Work Schedules and Managing Queues
These course notes are for use in conjunction with Learning Module 9 of
MG 476 - Services Management.
Menu for Learning Module 9
Scheduling Personnel for Services Operations
Scheduling service systems differs from scheduling manufacturing systems in several ways.
A hospital is an example of a service facility that may use a scheduling system every bit as complex as that found in a job shop. Hospitals do not use a machine shop capacity system such as first-come, first served (FCFS) for treating emergency case patients.
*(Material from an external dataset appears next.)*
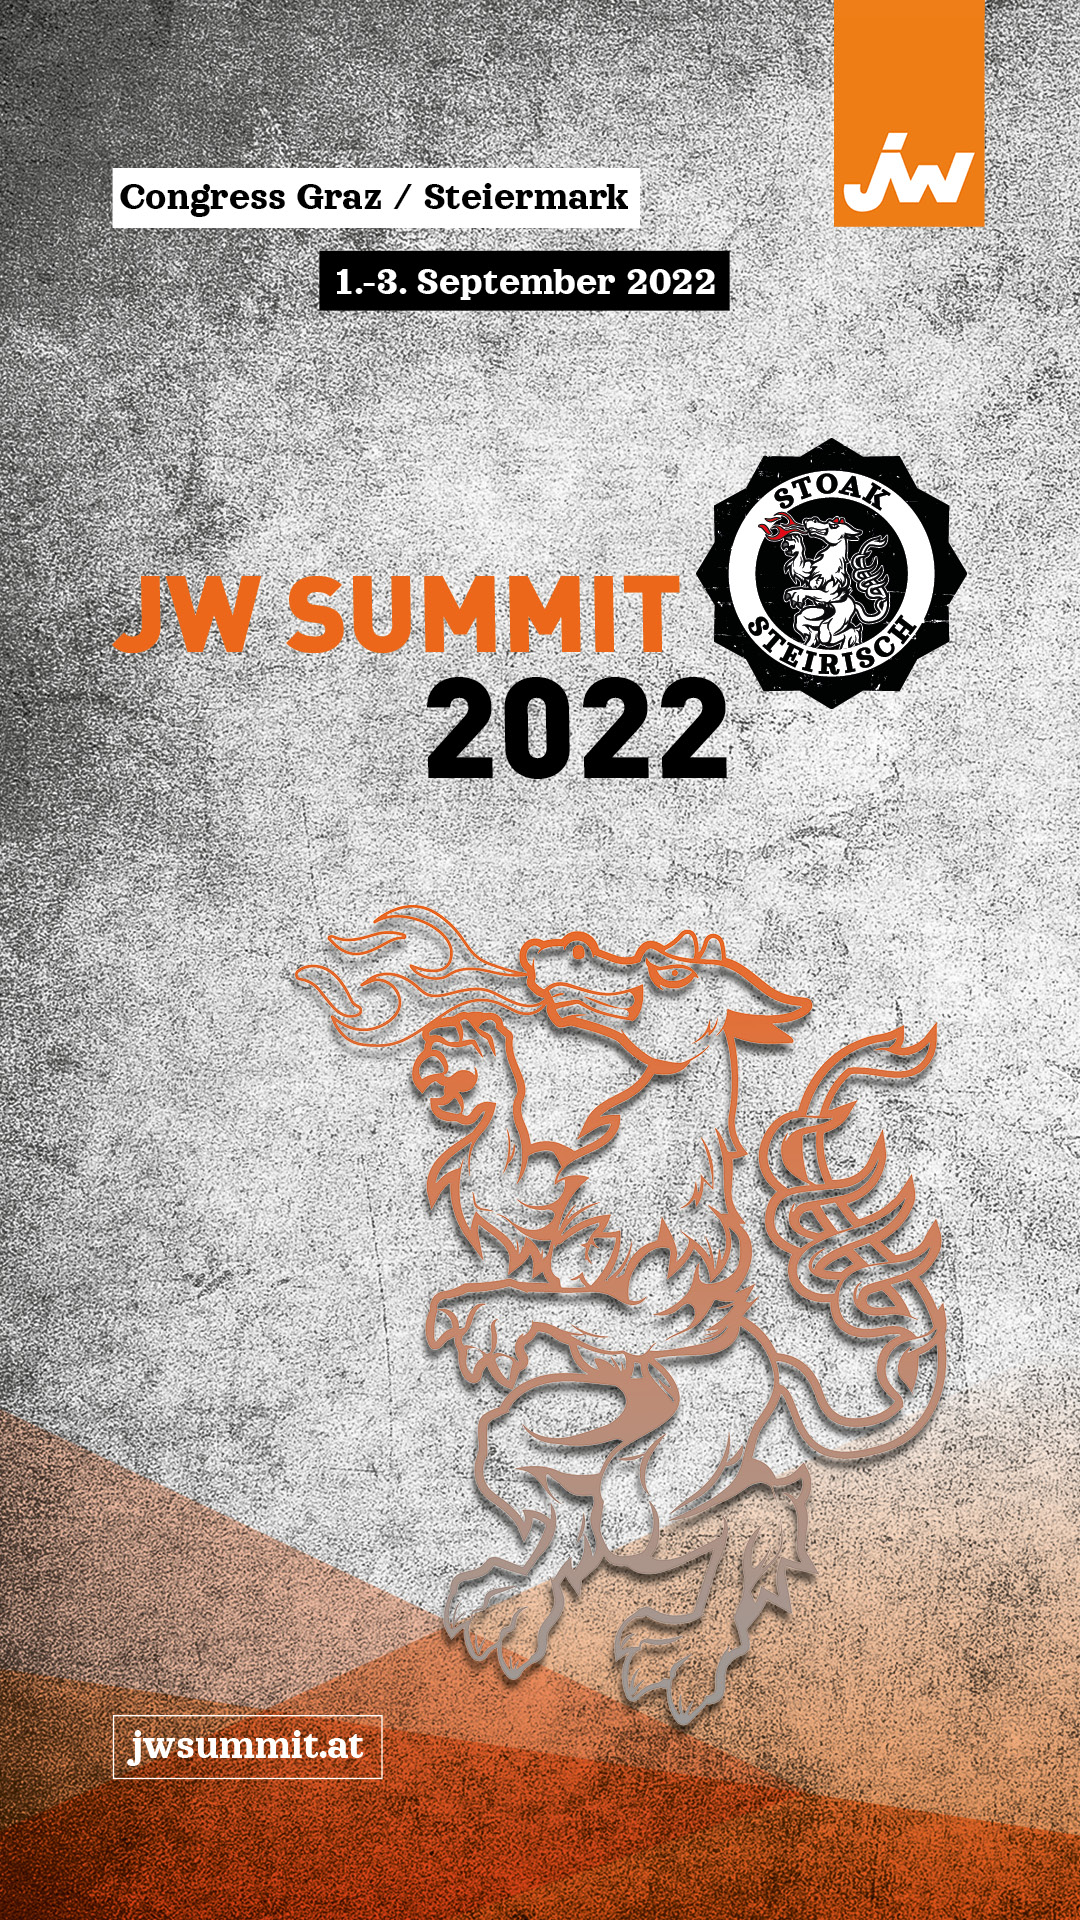 JW Summit vom 1. bis 3. September 2022 live in Graz

But they do produce special-need products (such as surgeries) just like a job shop, even though finished goods inventories cannot be kept and capacities must be able to meet wide variations in demand.
Service systems try to match fluctuating customer demand with the capability to meet that demand.
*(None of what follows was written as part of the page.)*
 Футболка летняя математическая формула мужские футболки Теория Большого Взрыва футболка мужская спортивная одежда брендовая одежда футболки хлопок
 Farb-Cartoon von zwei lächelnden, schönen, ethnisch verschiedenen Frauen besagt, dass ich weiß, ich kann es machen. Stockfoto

In some businesses, such as doctor's and lawyer's offices, an appointment system is the schedule.
In retail shops, a post office, or a fast-food restaurant, a first-come, first-served rule for serving customers will suffice.
Scheduling in these businesses is handled by bringing in extra workers, often part-timers, to help during peak periods.
Reservations systems work well in rental car agencies, symphony halls, airlines and some restaurants as a means of minimizing customer waiting time and avoiding disappointment over unfilled service. [22]
Waiting lines are a common situation - they may, for example, take the form of cars waiting for repairs at an auto service center, printing jobs waiting to be completed at a print shop, or students waiting for consultation with their professor. The body of knowledge about waiting lines, often called queuing theory, is an important part of services management and a valuable tool for the every operations manager.
Analysis of queues in terms of waiting line length, average waiting time, and other factors helps us understand service systems (such as bank teller stations), maintenance activities (that might repair broken machinery), and shop floor control activities. As a matter of fact, patients waiting in a doctor's office and broken drill presses waiting in a repair facility have a lot in common. Both use human resources and equipment resources to restore valuable production assets (people and machines) to good condition.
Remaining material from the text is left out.